The Battle of Soissons of 718 CE was the last of the great pitched battles of the civil war between the heirs of Pepin of Heristal. Since Pepin's death in December 714, his grandson and heir Theudoald, his widow Plectrude, his bastard son Charles Martel, his successor as mayor of the palace in Neustria Ragenfrid, and the new king Chilperic II had been waging a war for ascendancy. Though Ragenfrid and Chilperic had begun with successes and Plectrude and Theudoald were removed early, Martel turned the tide of war and eventually forced the surrender of all his opponents.
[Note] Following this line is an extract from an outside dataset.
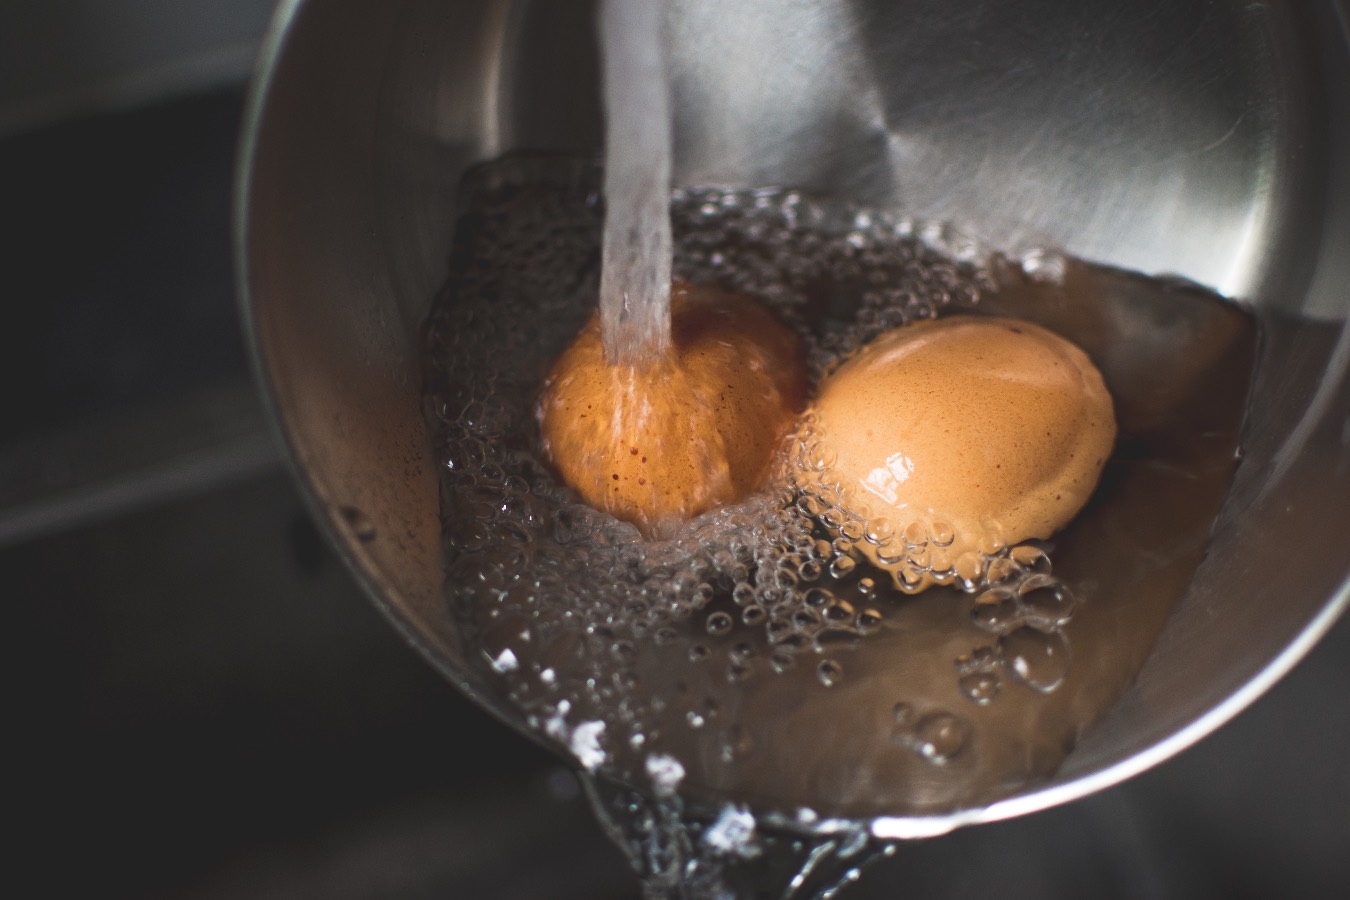 Koniec z pękaniem jajek podczas gotowania! Ten genialny trik załatwi sprawę, ułatwi też obieranie
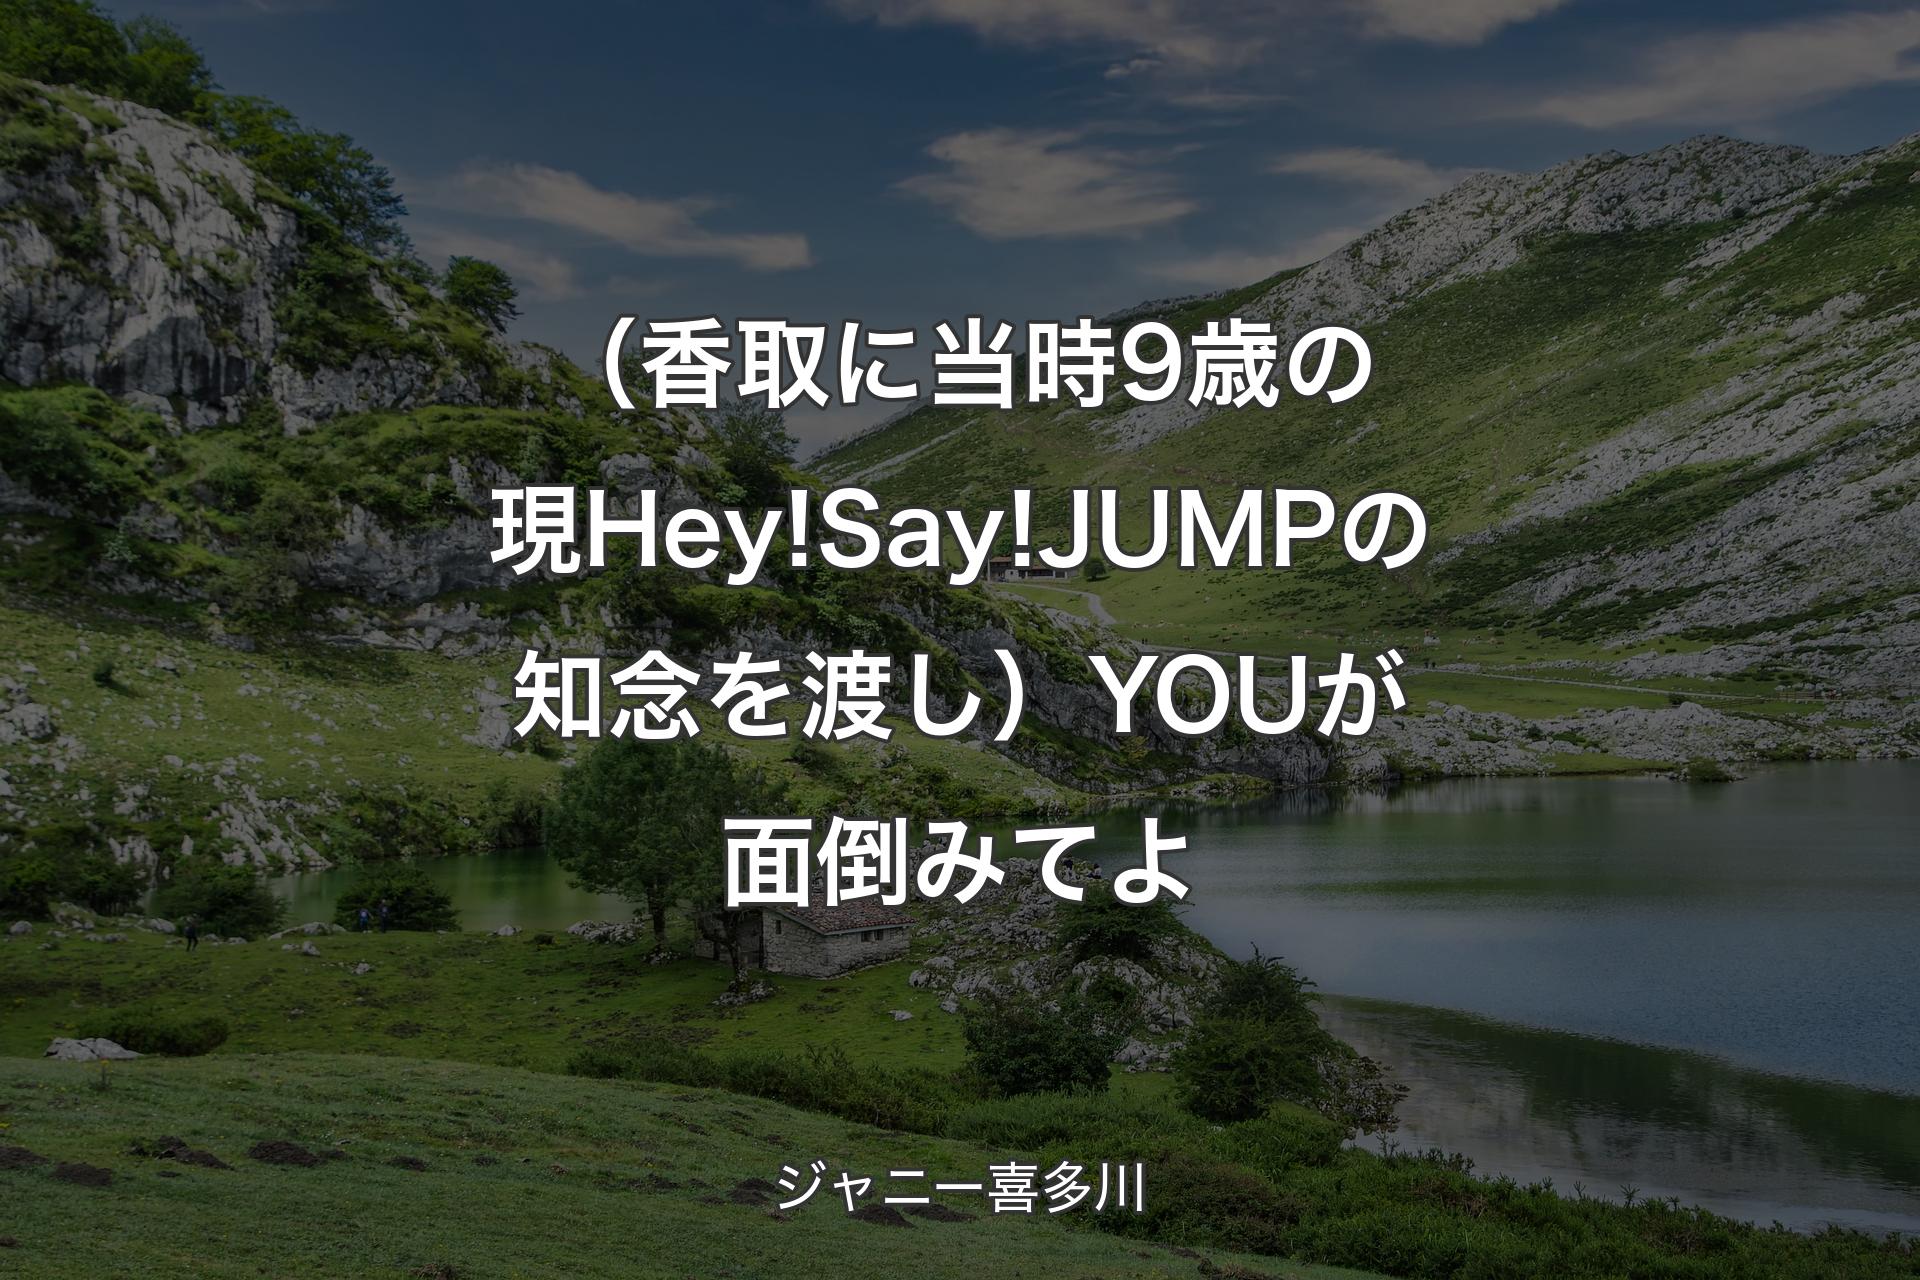 （香取に当時9歳の現Hey!Say!JUMPの知念を渡し）YOUが面倒みてよ - ジャニー喜多川

After their defeat at the Battle of Vincy, Chilperic and Ragenfrid allied with Odo the Great, the independent duke of Aquitaine, and marched on Soissons. Unfortunately, Charles had anticipated this, and was awaiting them, with an ever better trained core of veterans, many of whom would serve him all their adult lives. That army easily defeated the allied forces of Odo, Chilperic, and Ragenfrid near Soissons. The king fled with his ducal ally to the land south of the Loire and Ragenfrid fled to Angers. Soon Odo made peace and surrendered Chilperic to Charles and Ragenfrid made peace too. The war was over and Charles was undisputed dux Francorum.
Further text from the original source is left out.